<<<<

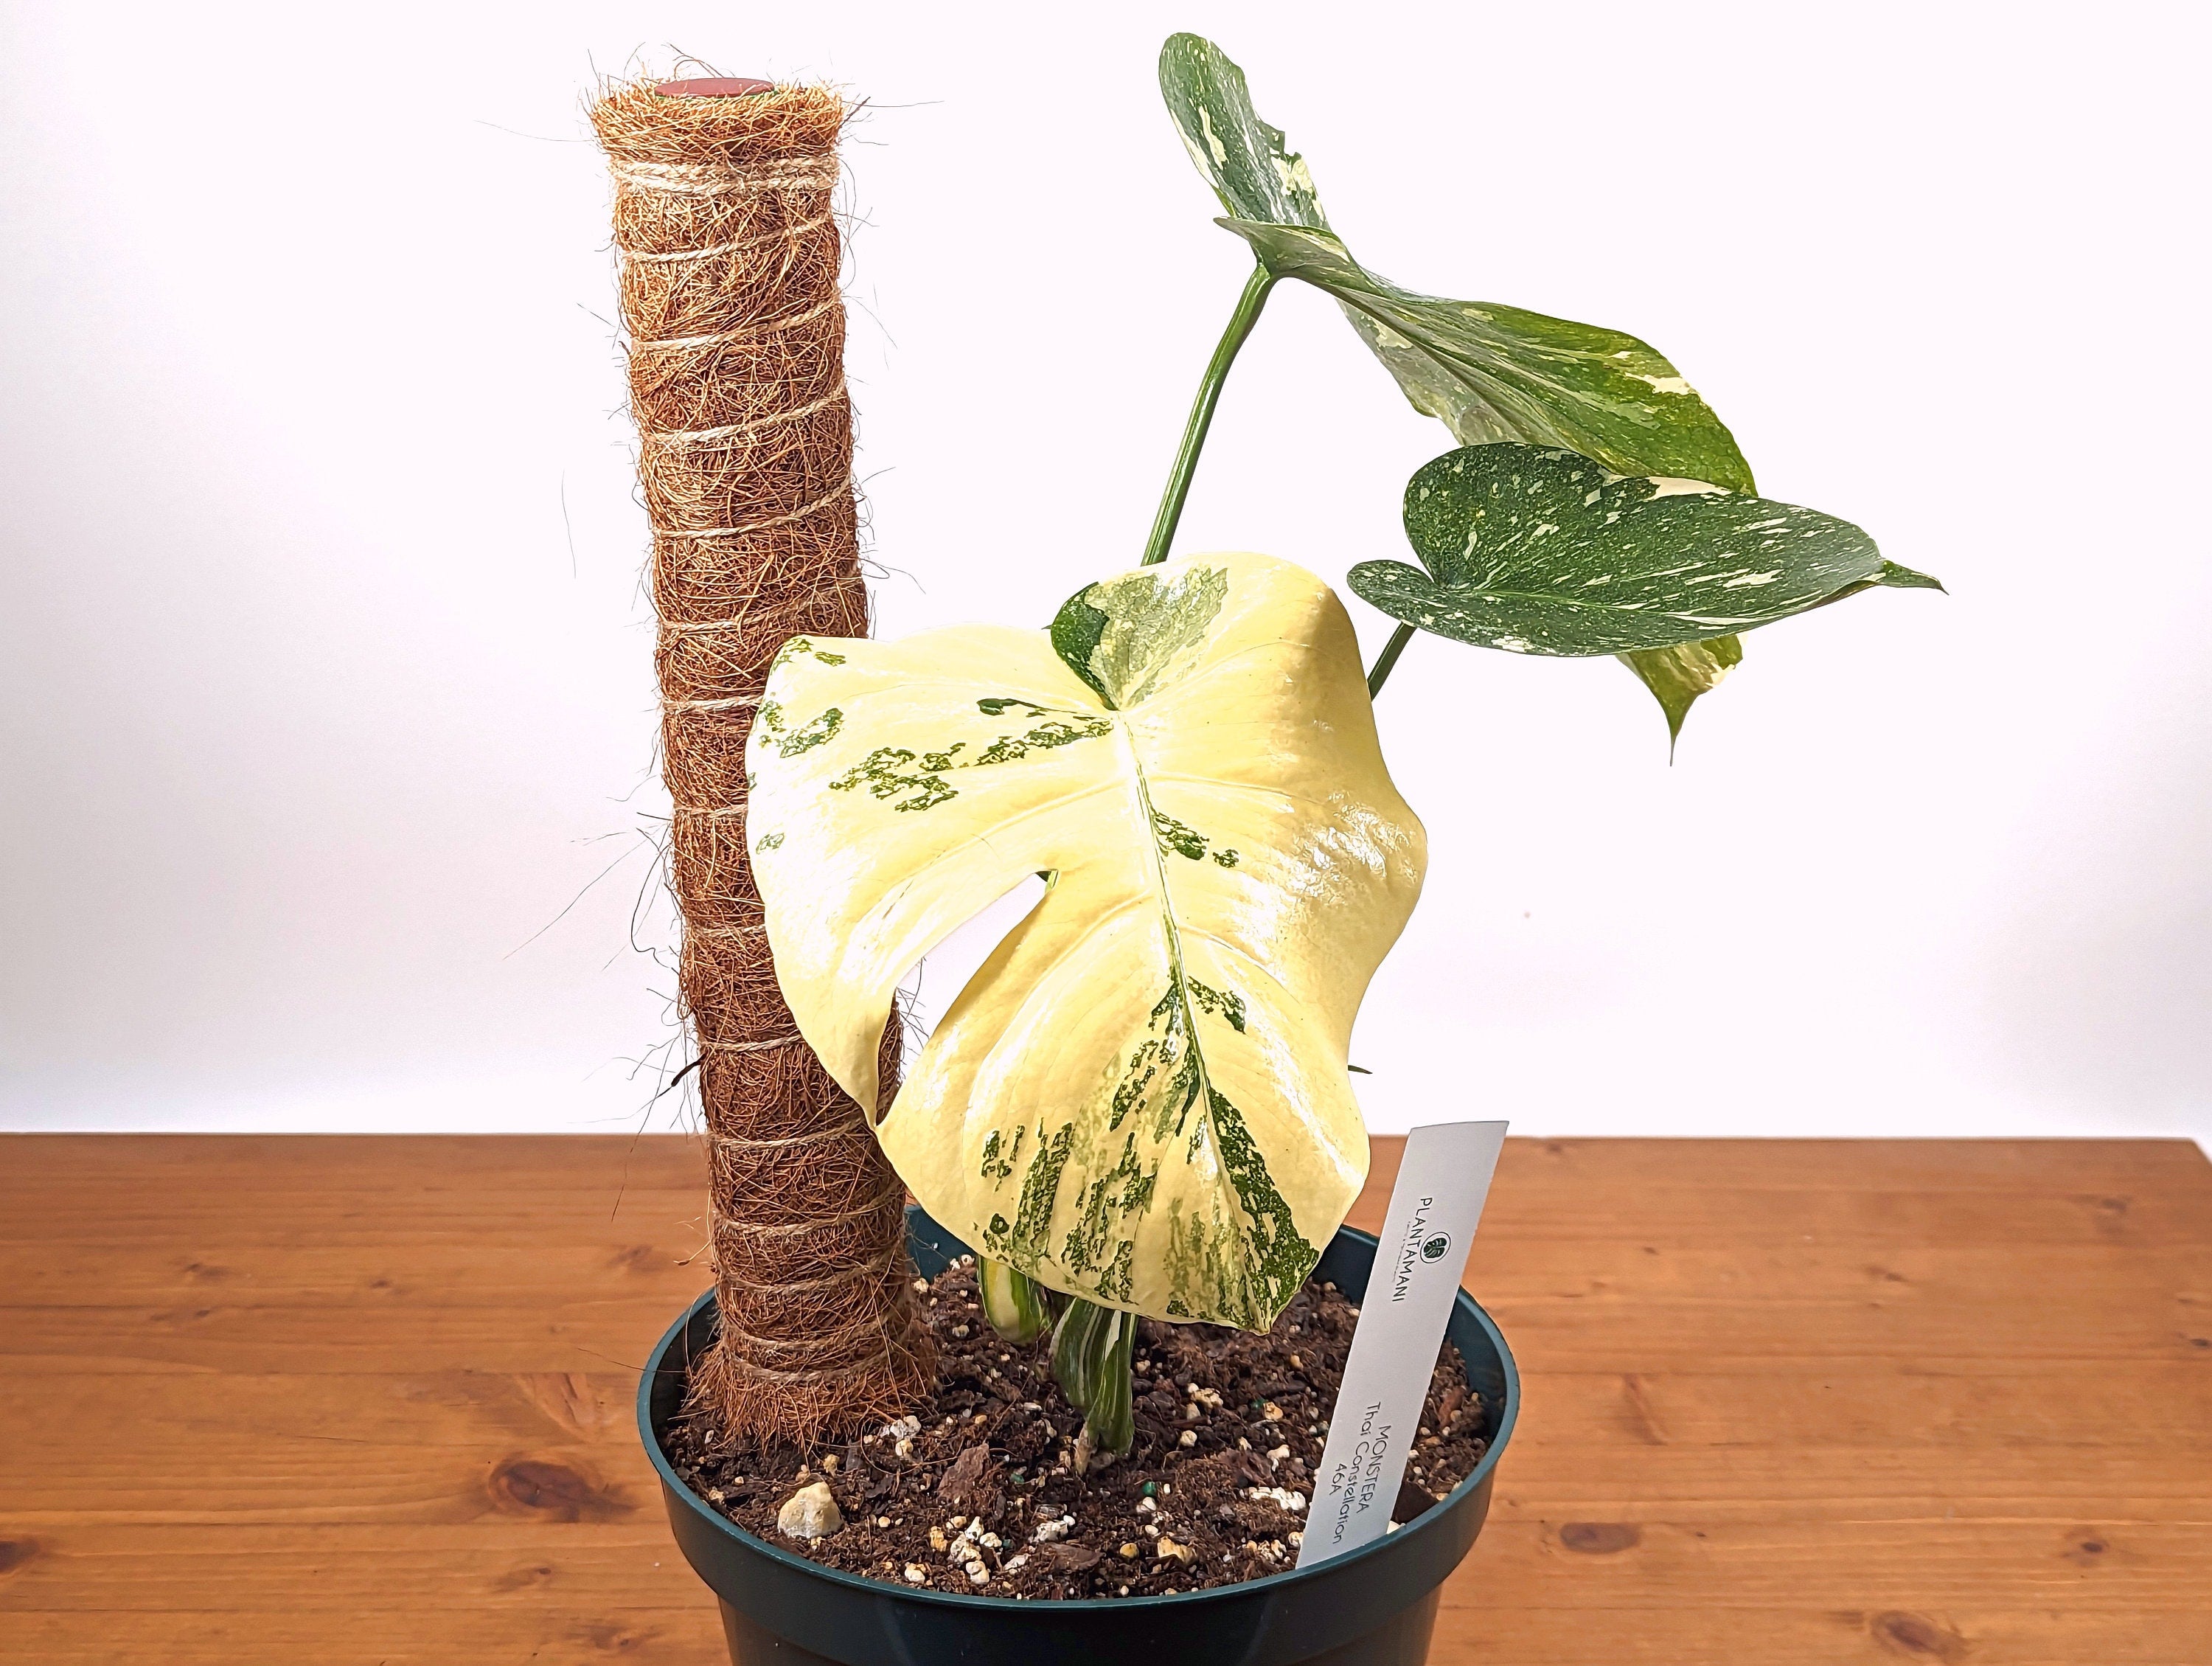 HIGh Color Thai Constellation Monstera Creme Brulee Live Houseplant 6 inch pot Exact Plant Pictured 
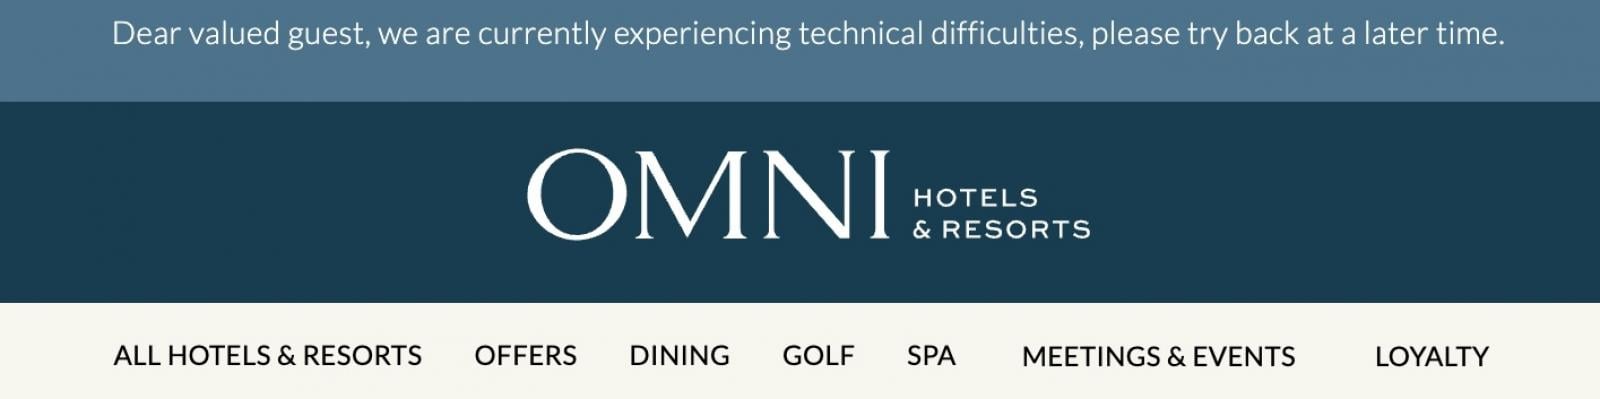 Omni Hotels outage
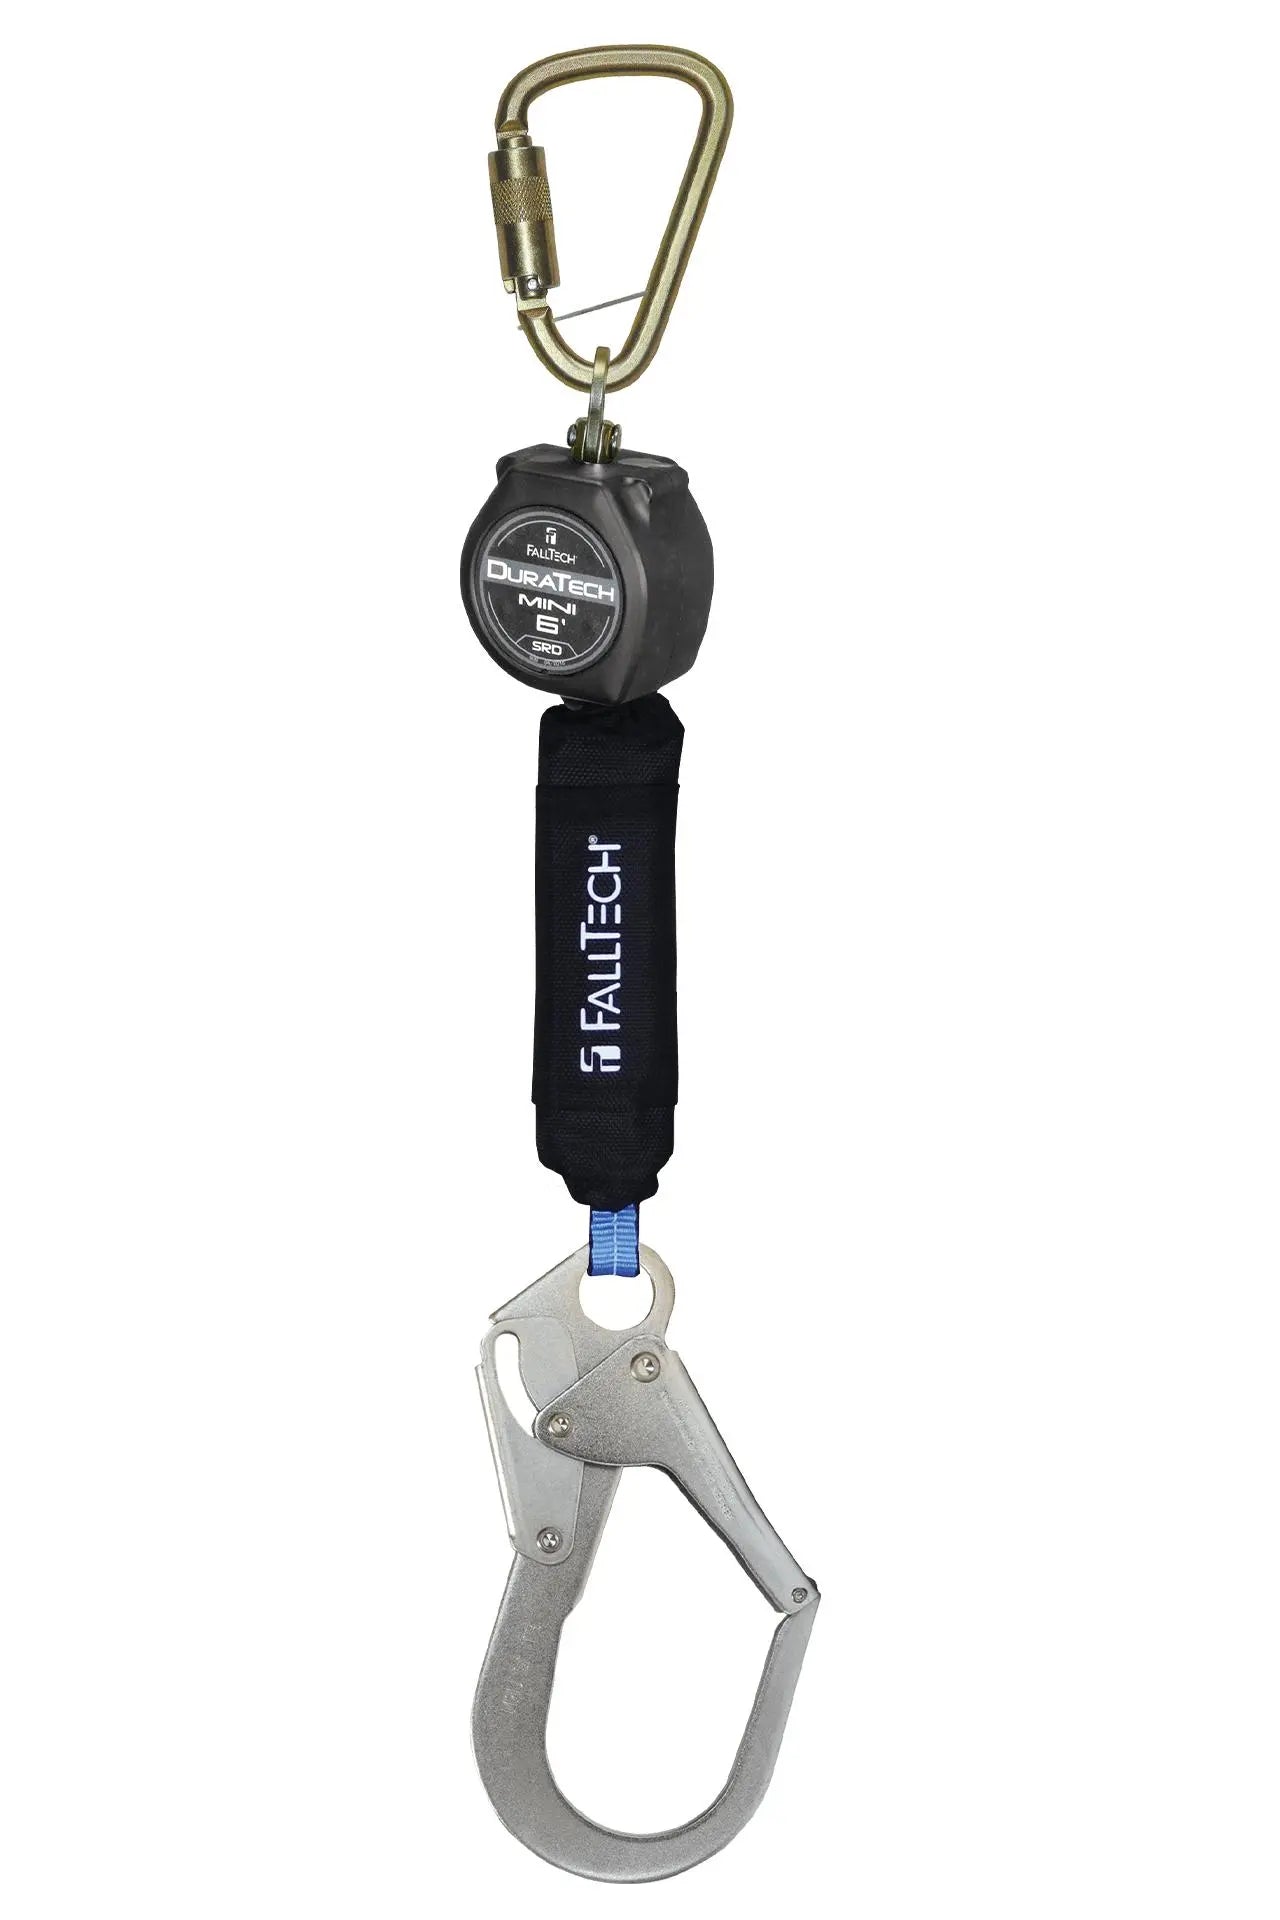 FallTech 6' Mini Personal SRL with Steel Rebar Hook, Includes Steel Dorsal Connecting Carabiner
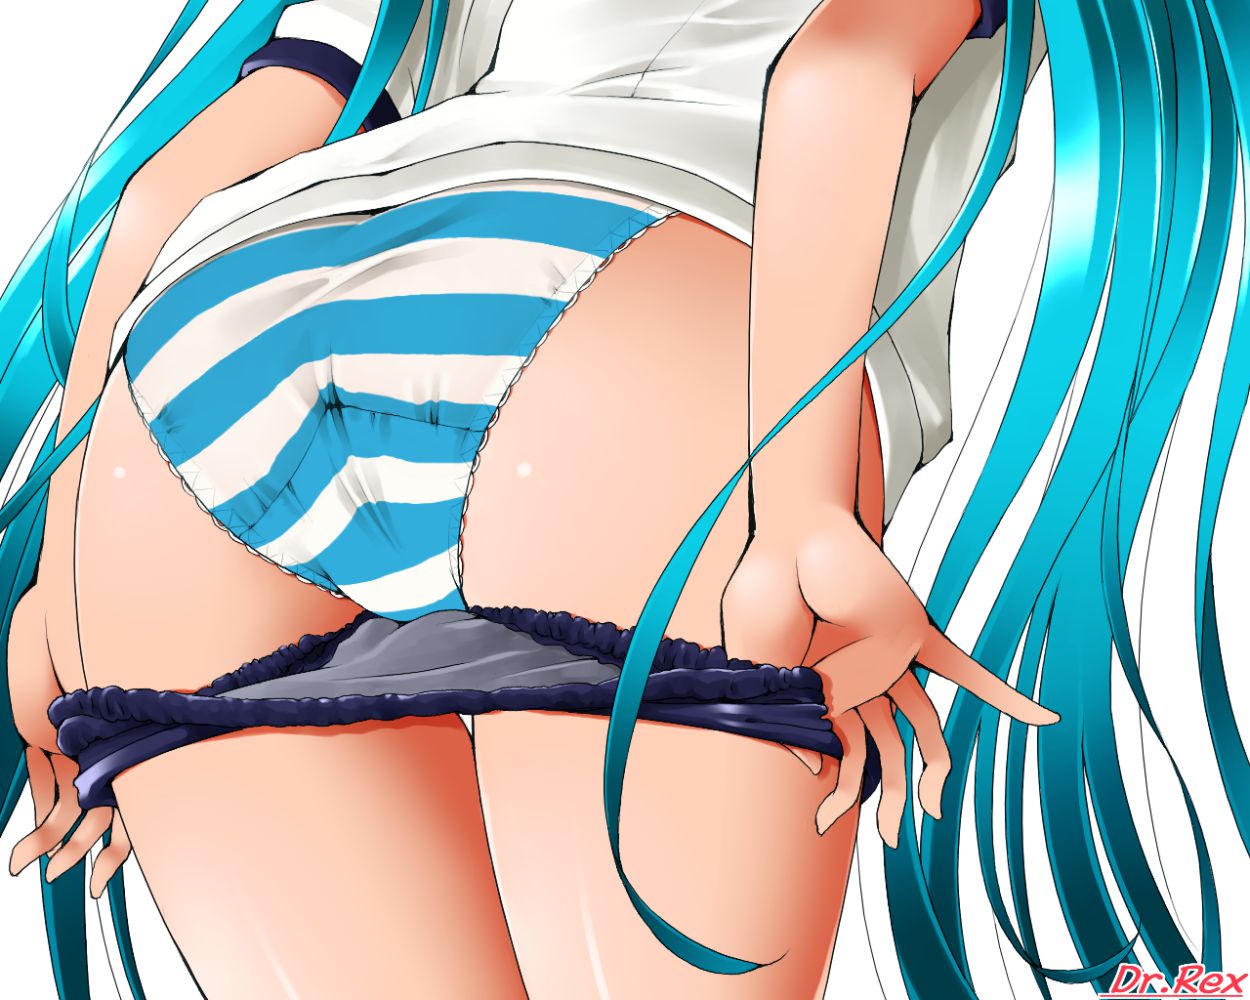 Miku's other, vocaloid's image summary. Vol. 3 38

>>>>

WORK REQUEST
Without the pictures, write out all of the material exactly.

TASK RESPONSE
 HIGh Color Thai Constellation Monstera Creme Brulee Live Houseplant 6 inch pot Exact Plant Pictured 
 Omni Hotels outage
 FallTech 6' Mini Personal SRL with Steel Rebar Hook, Includes Steel Dorsal Connecting Carabiner
 Miku's other, vocaloid's image summary. Vol. 3 38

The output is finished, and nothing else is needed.